The yin and yang of musical fashions and fads shift every 20 or 25 years, and always have done. In the 1950s, concert music fledged itself from new music in traditional tonal style and notation toward an increasing respect for serial music, and in the process up popped Elliot Carter, John Cage, Luciano Berio, Pierre Boulez, and the like. In that process, perfectly respectable and popular composers got pretty much shoved out of the nest. Performances of the major American composers of the early 20th century have radically dwindled, with the exceptions of Aaron Copland and Leonard Bernstein.

None of the major American composers of the 1930s and ‘40s stands more deserving of another listen than Samuel Barber, whose centennial birthday is March 9. Barber stands in danger of becoming another Johnny-One-Note composer like Paul Dukas. For, despite all his early success, the only real current standard repertory piece of Barber has become his Adagio for Strings.

I suppose that many classical music lovers know Barber’s name, but few among even professional musicians know much about the man. That’s understandable, as he was something of a recluse. A shy man, Barber wasn’t given to bragging, or even teaching, and never wrote a book on music, let along a tell-all autobiography. (Try as mightily as I could, I’ve never found either a Barber anecdote or a funny remark or nasty comment from his lips.)

Barber was born in West Chester, Pennsylvania, into an upper-middle-class family, his father a doctor and his mother a competent pianist. As she was the sister of Metropolitan Opera contralto Louise Homer, there was always music in the Barber home, as well as trips to concerts in nearby Philadelphia. Barber never used his full name (Samuel Osborne Barber II), and to his friends he was simply “Sam.” He felt single-minded about composition, so much so that at age 8 or 9 (sources vary) he wrote a note to his mother who, that day, wanted him to go outside and play football, stating, “I’m no athlete. I was meant to be a composer, and will be I’m sure.” He wished to be a composer, and nothing more than that.

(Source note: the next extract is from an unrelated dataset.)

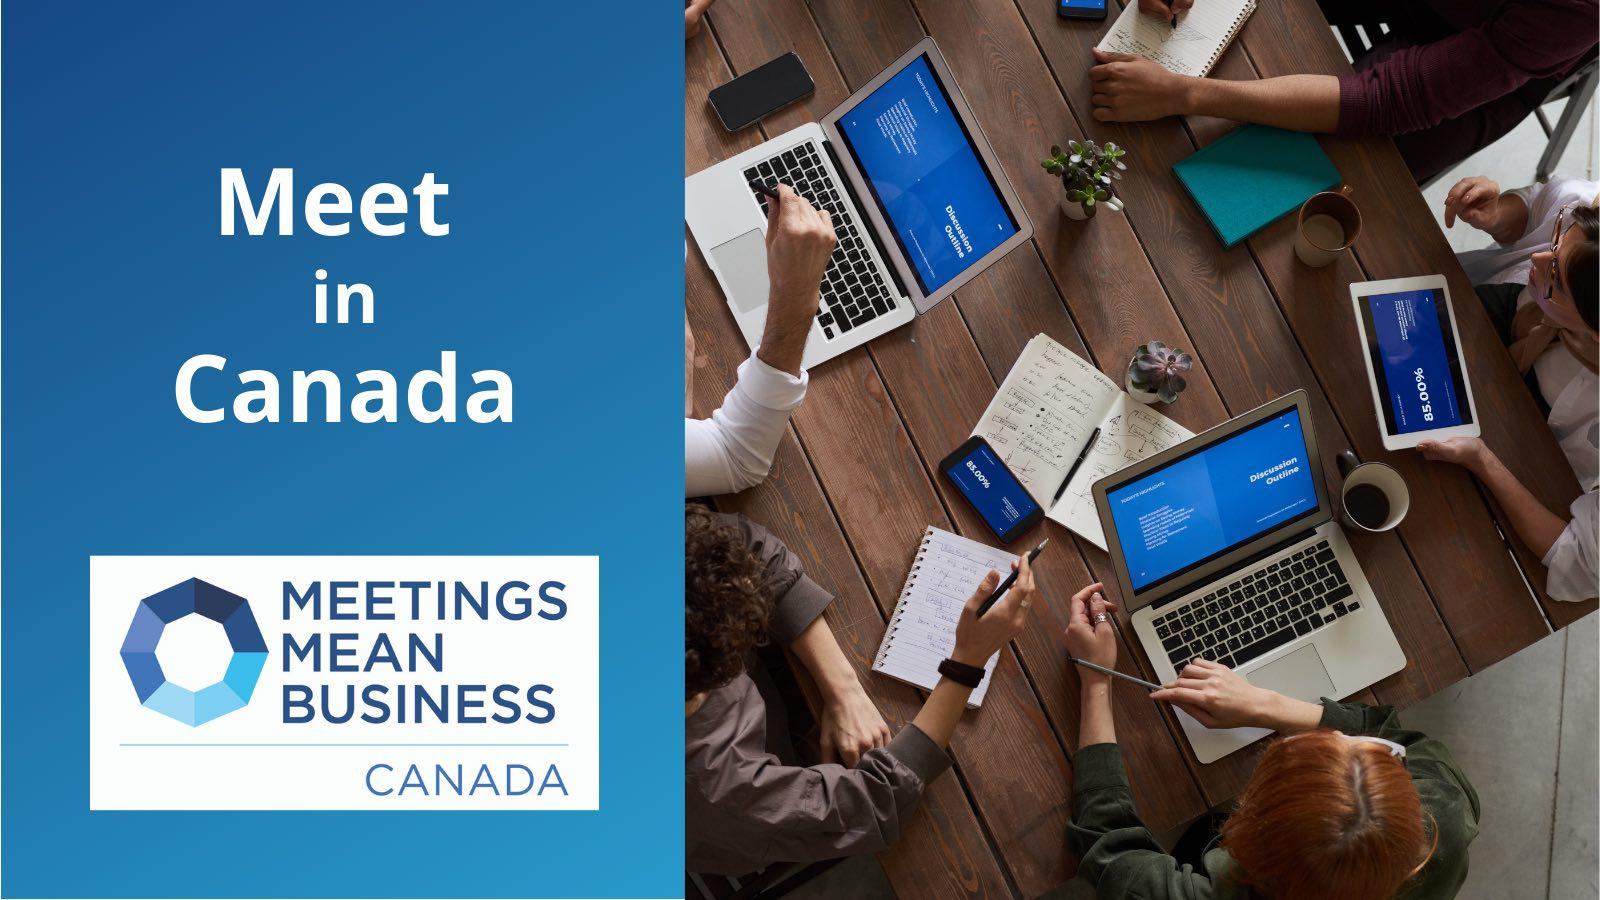 Meet in Canada boardroom table

He is rarely credited with being a prodigy, though he was, and at a Mozartean level. He wrote his first opera, The Rose Tree, at age 10, his first piano pieces at age 7. Armed with these pieces, and more, Barber was accepted at the Curtis Institute of Music the year it opened, 1924. He was 14 years old. (He never allowed any of his juvenilia to be published.)

Aside from possessing serious talent, Barber was lucky. He had excellent teachers at Curtis: piano from Isabelle Vengerova, composition from Rosario Scalero, conducting from Fritz Reiner, voice with Emilio de Gogorza. He disliked giving public performances, yet he did record in all those musical areas. He displayed a pleasant, rich baritone in an early recording of his Dover Beach for voice and string quartet, Op. 3. He also conducted London-label recordings of his Symphony No. 2, Op. 19, and his Medea Suite, Op. 23, and accompanied Leontyne Price when she recorded his Hermit Songs, Op. 29. Barber also participated as one of the four pianists in a recording of Stravinsky’s Les Noces, conducted by the composer. (His cohorts on that session were all illustrious: Roger Sessions, Lukas Foss, and Aaron Copland.)

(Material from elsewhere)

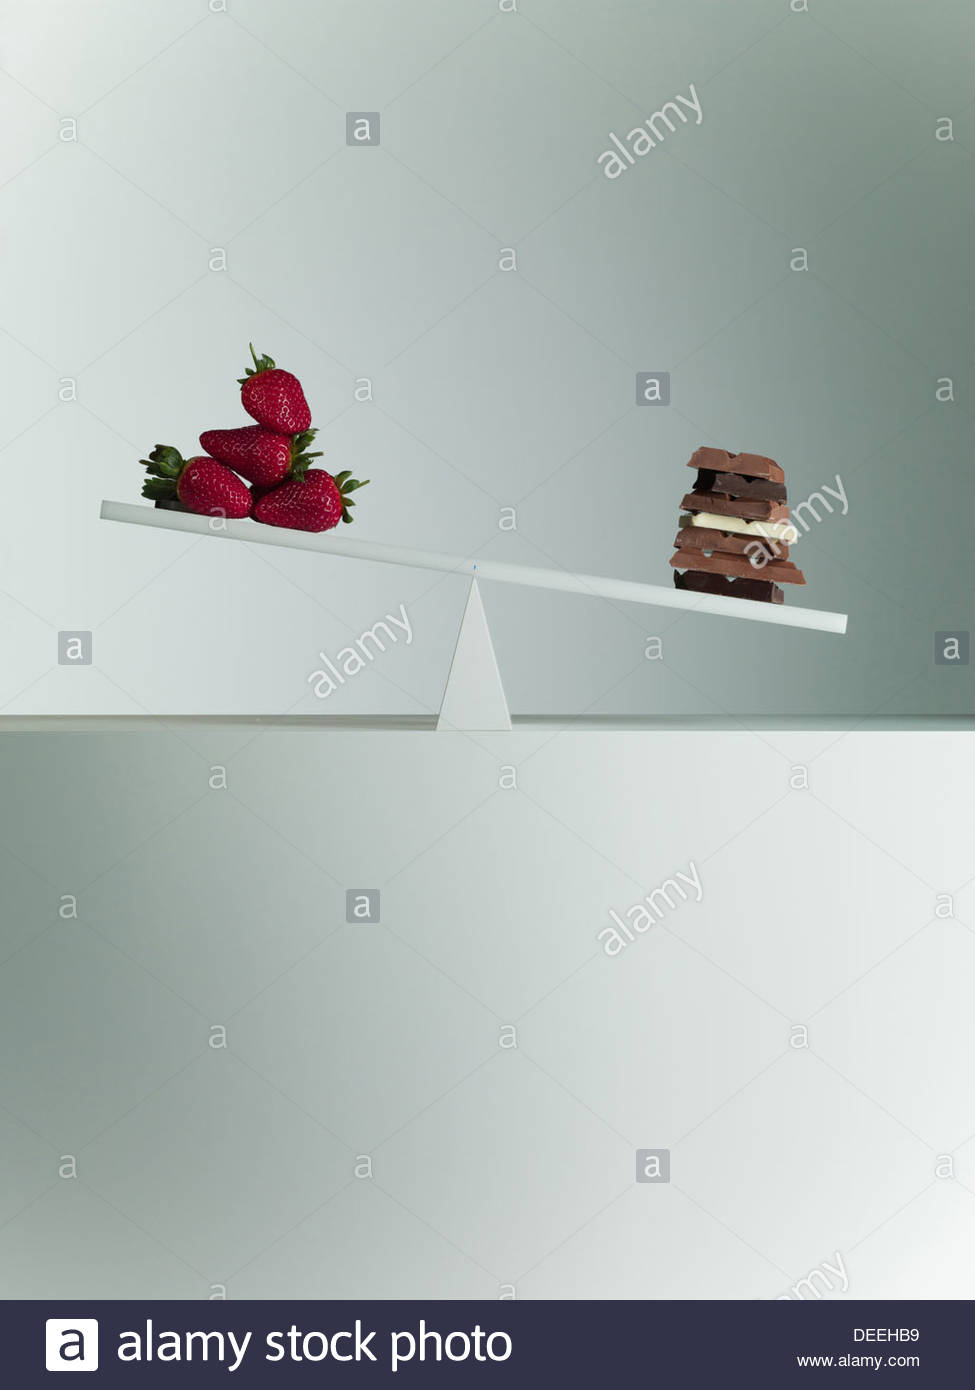 Barre di cioccolato il ribaltamento di altalena con le fragole sulla estremità opposta Immagini Stock

Writing From Heart and Head

As for his compositions, Virgil Thomson summed up Barber’s style this way: “Romantic music, predominately emotional, embodying sophisticated workmanship and complete care.” Nicolas Slonimsky called him “A composer of superlative talents.” Some works are better than others, naturally, but Barber was never sloppy. He was not one to dash things off, which likely accounts for his relatively small catalog of music: fewer than 50 published works.

He was, as far as I know, the first and only resident composer of the U.S. Air Force, which he joined in 1942. What’s funny is that his commander told Barber he ought to be writing in a more-modern style if he intended to represent the Air Force. And so he increased the levels of both dissonance and rhythmic complexity in his Second Symphony, the Cello Concerto, and his little piano suite, called Excursions. That last was written to please ordinary airmen and features a boogie-woogie first movement, followed by a blues, a western song, and a square dance.

Along the way, Barber won a Prix de Rome, two Pulitzer Prizes — one for his opera Vanessa, and the other for the Piano Concerto — along with three Guggenheim awards and an honorary doctorate from Harvard in 1953. When Barber submitted his First Essay for Orchestra to Toscanini in 1937, the conductor said he’d do the premiere, but wanted something more to fill out the program; he suggested that Barber rescore the slow movement of his First String Quartet for string orchestra, and thus was born the ubiquitous Adagio for Strings. Toscanini promptly recorded both compositions.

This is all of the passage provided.